2) Why it is a hard problem: There are many overlapping concepts that simply have no unified model that all cases fall under. From the standpoint as humans, it is quite difficult to create a replica of a schema because we all think in different ways. It becomes magnitudes harder for programs to make sense of these differences. Thus, it becomes clear that semantic heterogeneity needs to be resolved at the step that data providers expose data to its counterparts.
3) The state of the art: A completely automated solution is not possible. The goal is to reduce time for the expert to create a semantic mapping so we can go on with our day. This is separated into two phases: schema matching and schema mapping. In order to further assist experts, we look at helpful information: Schema element names, data types, data instances, schema structure, and integrity constraints.
4) An emerging solution: It is becoming clear that schema mapping is very similar to past jobs that are done. Naturally, leveraging our past experience may boost the speed that we are able to resolve semantic heterogeneity. This is the power of machine learning. Using machine learning, there are three parameters that we care about: domain concepts and their representational variations, relationships between these concepts, and domain constraints. However, this is still in its infancy and does not have much work done on it.

Much like other papers, this paper had some drawbacks. Most of these drawbacks are derived from section 5, looking forward. One drawback that I noticed was when they claimed that current techniques are not useful for large schemes present in businesses. I disagree with this, especially since machine learning is a great tool to use when dealing with large database schemes. Companies like Amazon have figured out ways to deal with semantic inconsistencies, even if it means not being fair to all their products. The second drawback I see is Halvey's need for a schema search engine. While I feel that it is a good thing to use when a program is trying to resolve differences between databases, it not as good for a human expert who may be given a biased view of the attributes. Lastly, this isn't really a paper that discovered something new - it is simply a retrospective paper (it was a boring read).


Review 12

This paper describes the problems related to semantic heterogeneity among data sets. Semantic heterogeneity refers to the difference between schemas among different data sets that refer to similar data. This can make merging datasets difficult. A possible way to deal with this is with a semantic mapping, which maps each individual dataset to a common structure. However, this requires a mapping to be manually defined for each dataset.
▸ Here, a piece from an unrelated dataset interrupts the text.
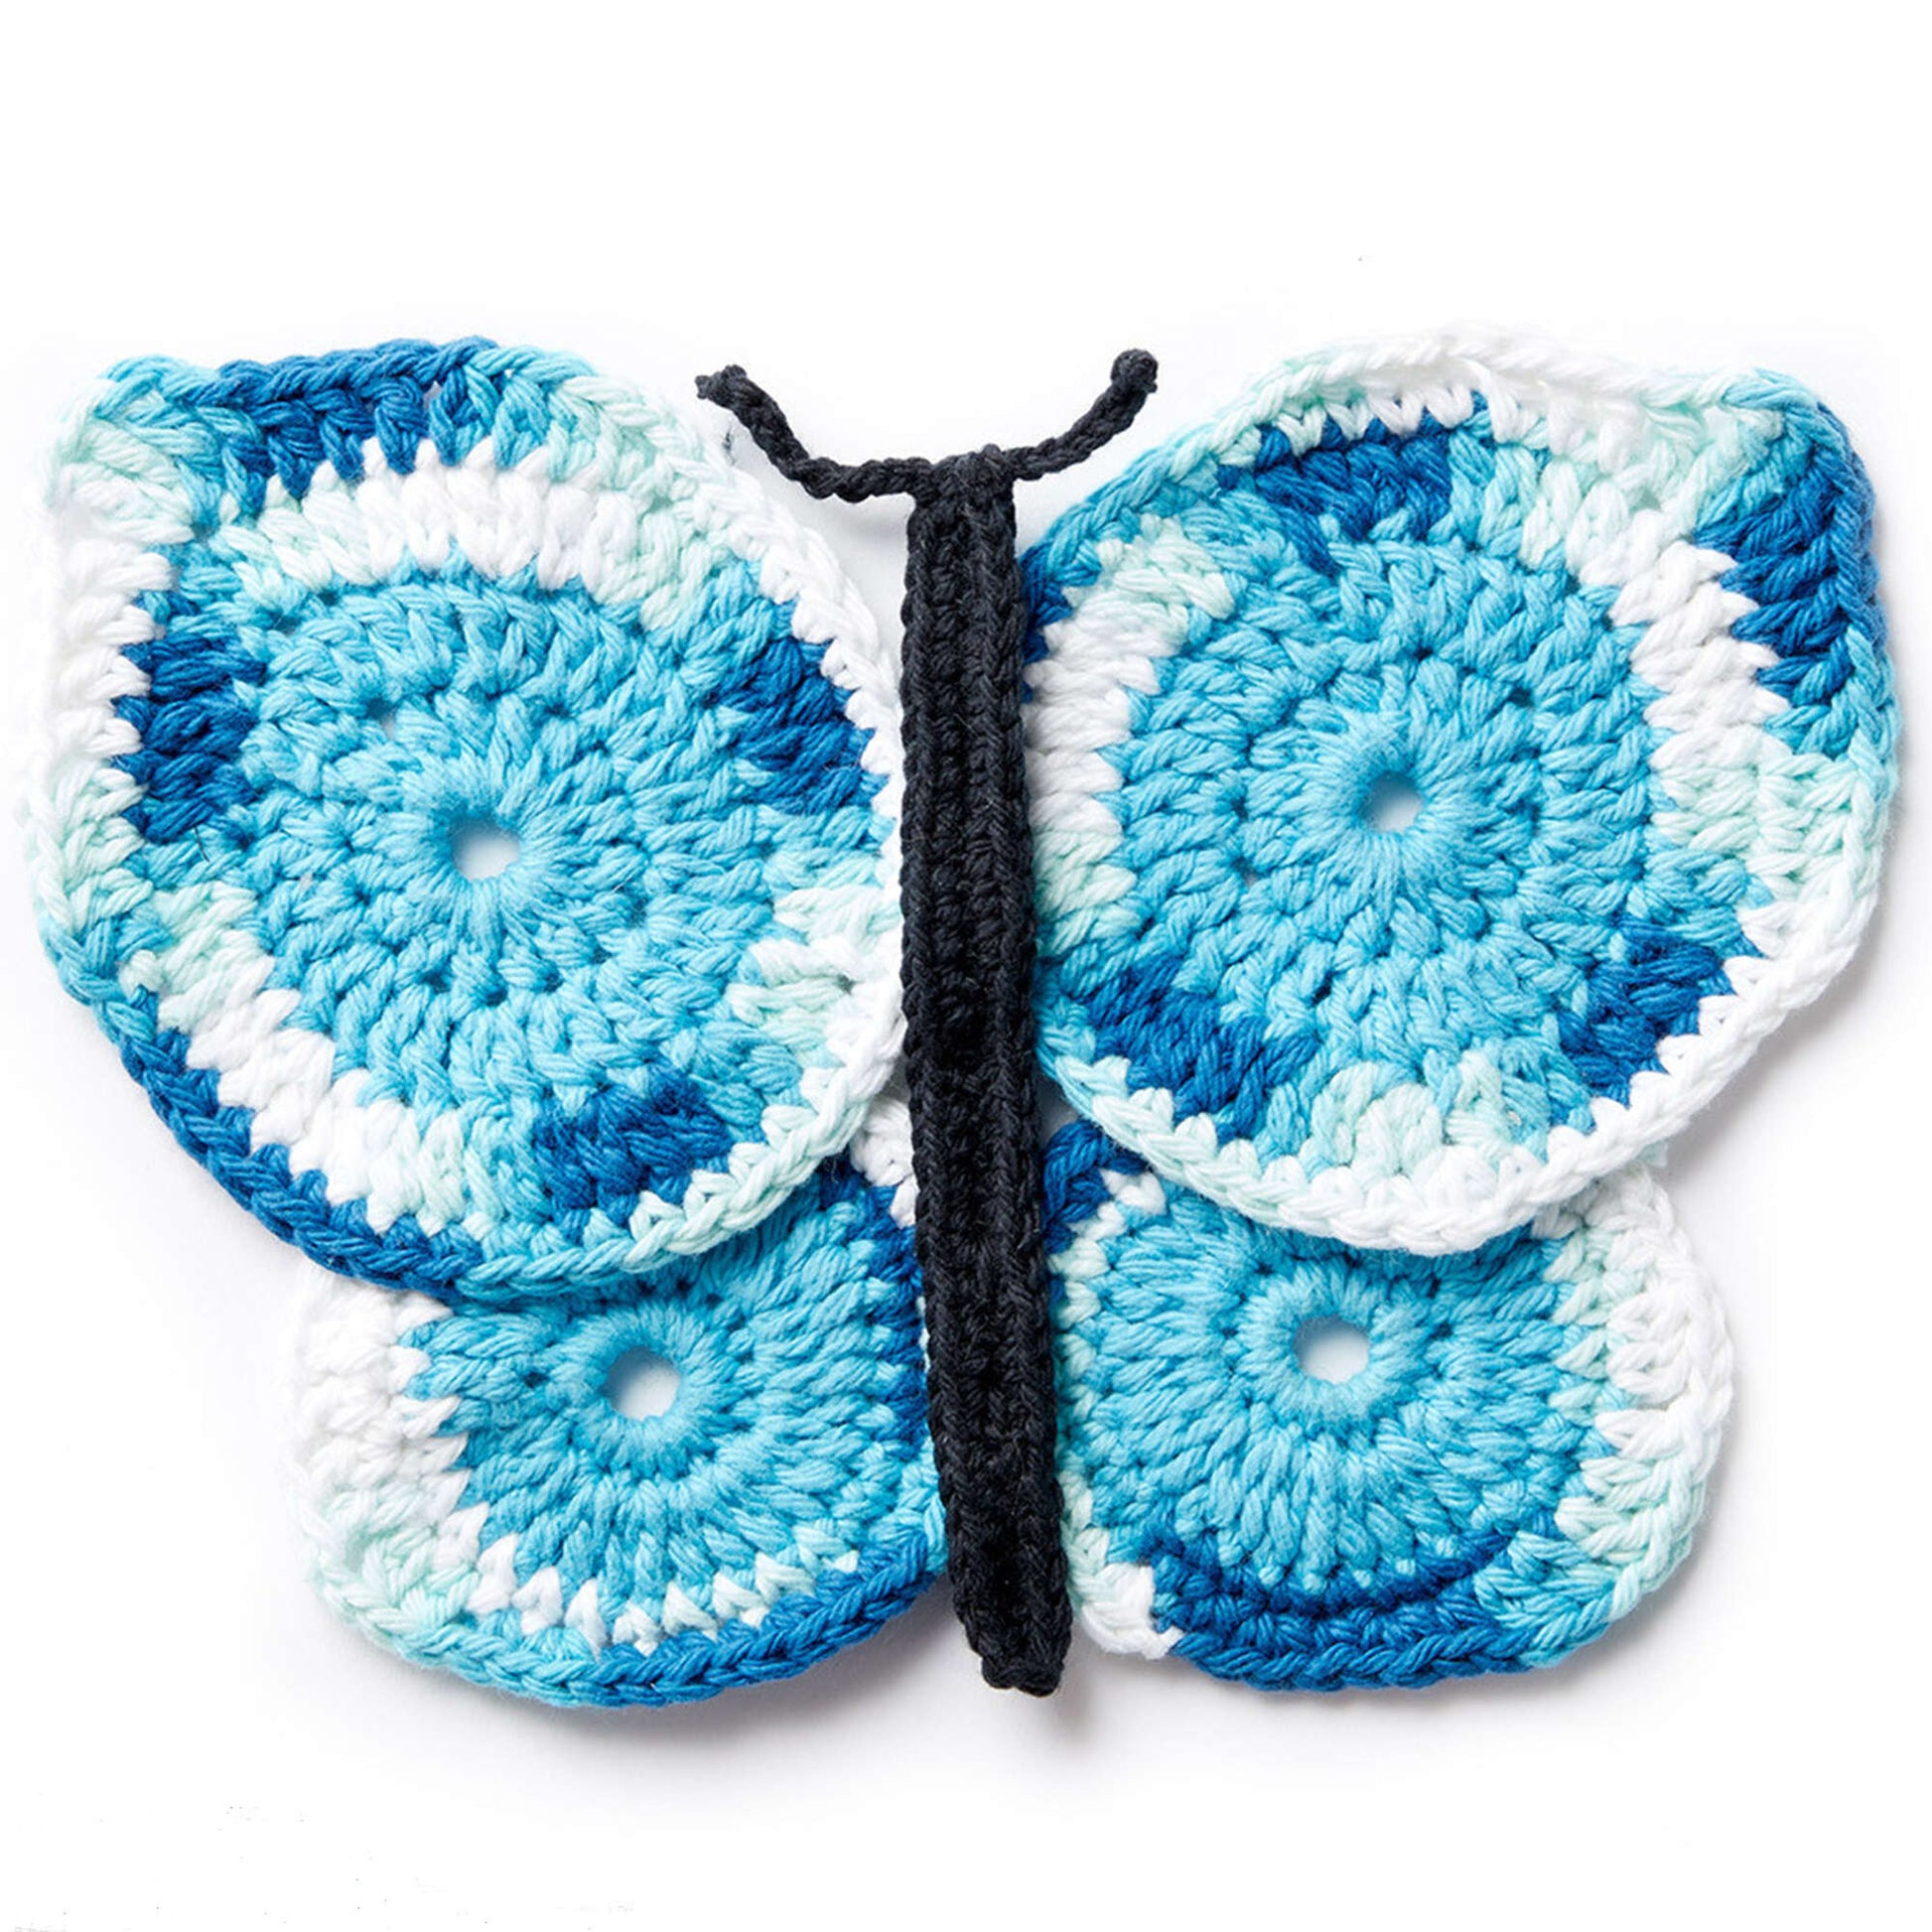 Free Lily Sugar'n Cream Butterfly Crochet Dishcloth Pattern

One example of this issue occuring is with the deep web. Much of the data available is unsearchable, since it doesn’t have a common structure. Each database uses different schemas for its data, so a search engine can’t easily find data matching any set of input parameters.

A separate but related issue is that of data heterogeneity. This refers to the issue when the same data is represented in different forms; for example, a name can be referred to as it full name, or a shortened version, and they might not be easily recognized as the same data.

The issue of heterogeneity tends to be exacerbated by semi-structured data, since this has less defined schema, and so make it harder to find a common representation of different data types.

Differing schemas are hard to resolve effectively, since it requires knowledge of both the different schemas, and what each schema actually means. This makes it especially difficult to do programmatically, as individual programs don’t have knowledge about the true meanings of different data fields. As such, most methods of schema resolution and done by a human with the help of a programmatic heuristic. The heuristic often works by matching field names, data types, overall structure, or constraints. For greatest effectiveness, several of these should be used in tandem.

A useful way of matching schemas looks to what parts of schemas have been matched together in the past. This involves looking at the major concepts present in the schema’s domain, as well as the relationships between these concepts. This also is more naturally done by a human, but can be assisted by a machine.

The benefits of this paper are:
It’s easy to understand the problem.
It’s easy to understand why this problem isn’t easy to solve.
It makes a good case for human machine interaction, especially since most algorithms are entirely mechanical.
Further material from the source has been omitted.